Когда не требовалась помощь по хозяйству, Клео проводил много времени в своей комнате с книгой или в мастерской вместе с Бруно и ребятишками. Эрни под руководством друга Томми учился грамоте и с таким же интересом наблюдал за опытами, с помощью которых господин Бенджамин и Бруно объясняли простейшие законы мира и природы. Клео откровенно недоумевал, как нельзя было просто догадаться, ведь всё это постоянно происходит у всех на глазах! Почему надо подкреплять очевидное опытами? Как можно было сразу не систематизировать всё это, чтобы сложить простую и понятную картинку? То, как господин Бенджамин объясняет, понял бы кто угодно! Никакого тумана, который любил напускать преподобный Густав, читая проповеди воспитанникам приюта, ничего пугающего... То, что объяснялось происками демонов Деймоса, получало простое и логичное объяснение, в котором не было места коварным демонам. Это объяснило, почему Церковь не любит науку. Церковь называет себя единственной защитой от тёмных сил, а там, где этих самых демонов нет, её власть слабеет. Молитвы и обряды теряют смысл, становятся ненужными, за них не нужно платить. И потому особенно нужны такие люди, как их новый каноник — по словам хозяина, преподобный Альфред один из самых высокообразованных людей в лоне Церкви, сам интересуется наукой, тоже переписывается с учёными. Клео уже начал придумывать вопросы, которые обязательно задаст новому канонику — узнать точку зрения служителя Церкви очень важно. В том числе и для того, чтобы определиться, насколько близко стоит быть к хозяину.
С каждым днём, с каждым новым уроком, с каждым показанным научным трюком Клео всё больше замечал, что граница между ним и господином Бенджамином начинает размываться, таять. Это казалось омеге неправильным. Хотя Томми и Эрни позволяли себе говорить хозяину "ты", вести себя порой не слишком почтительно, всё это легко сходило им с рук, ибо "дети". Господин Бенджамин был снисходителен, если и выговаривал, то очень мягко, никогда не наказывал даже за разбитую колбу, и Клео вспоминал, как за это получили выговор Бруно и Джим. Бруно тоже вёл себя с хозяином излишне свободно — только тыкания не хватало! И на это хозяин тоже закрывал глаза. И как только Бруно совсем не обнаглел от такой вседозволенности?! Сам Клео, пусть и перешагнул порог мракобесных предрассудков, всё ещё робел и сдерживался, когда считал нужным, выдерживал расстояние между ними, но уже почти не стеснялся, когда господин Бенджамин позволял себе приласкать нового ученика или приобнять, чтобы удобнее было наблюдать за новым опытом.

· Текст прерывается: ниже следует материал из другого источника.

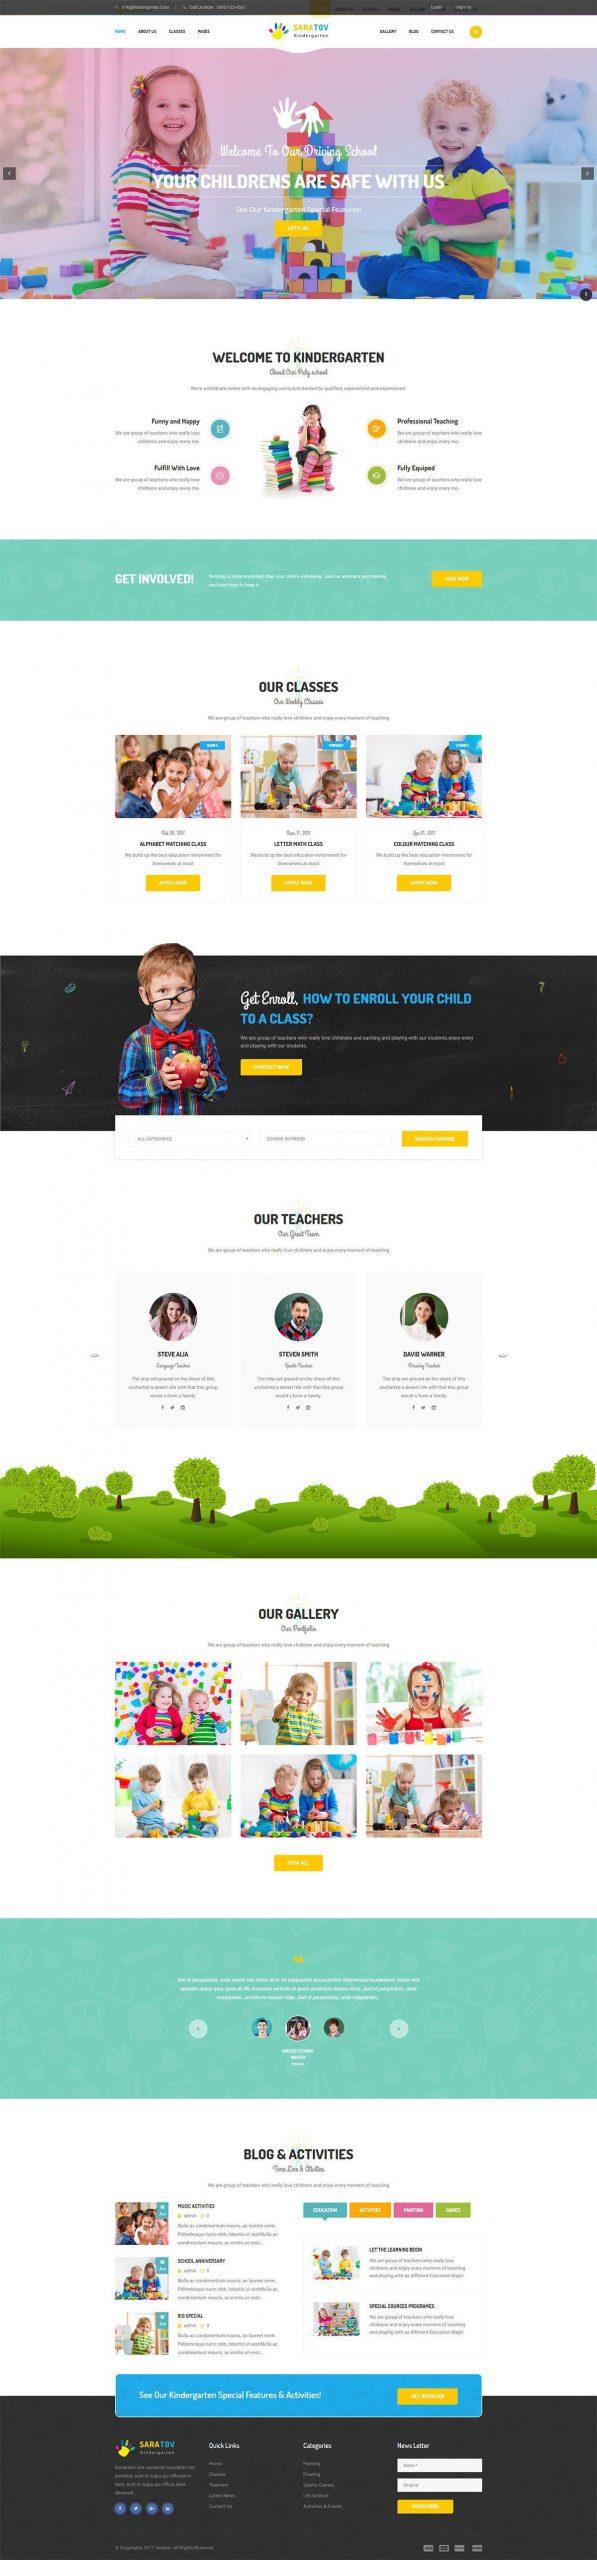 Giao Diện Website Giáo Dục Saratov

Хозяин притягивал, и Клео себя одёргивал. Хозяин тебе доверяет, дорожит новым учеником, весьма доволен твоей понятливостью и сообразительностью. Ты просто не имеешь права его разочаровывать недостойным поведением, говорил себе омега. И господин Бенджамин принимал это спокойно. Значит, всё хорошо. Да, он то и дело покрикивает на Бруно, когда тот излишне зарывается, но это больше похоже на дружескую перепалку без последствий, чем на серьёзное недовольство. Для хозяина слуги не были просто слугами. Господин Бенджамин, как Роберт Мор из романа "Сон в летний день", старался быть со своими людьми на равных. Это было удивительным! Когда хозяин ездил с визитами по округе, то часто брал Клео с собой, и омега видел, как бета почтителен с теми, кто этого заслуживает, и как спорит с теми, кто неправ. Урождённый дворянин не смотрел на селян сверху вниз — он был с ними на равных во всём, сохраняя достоинство. И это восхищало снова и снова.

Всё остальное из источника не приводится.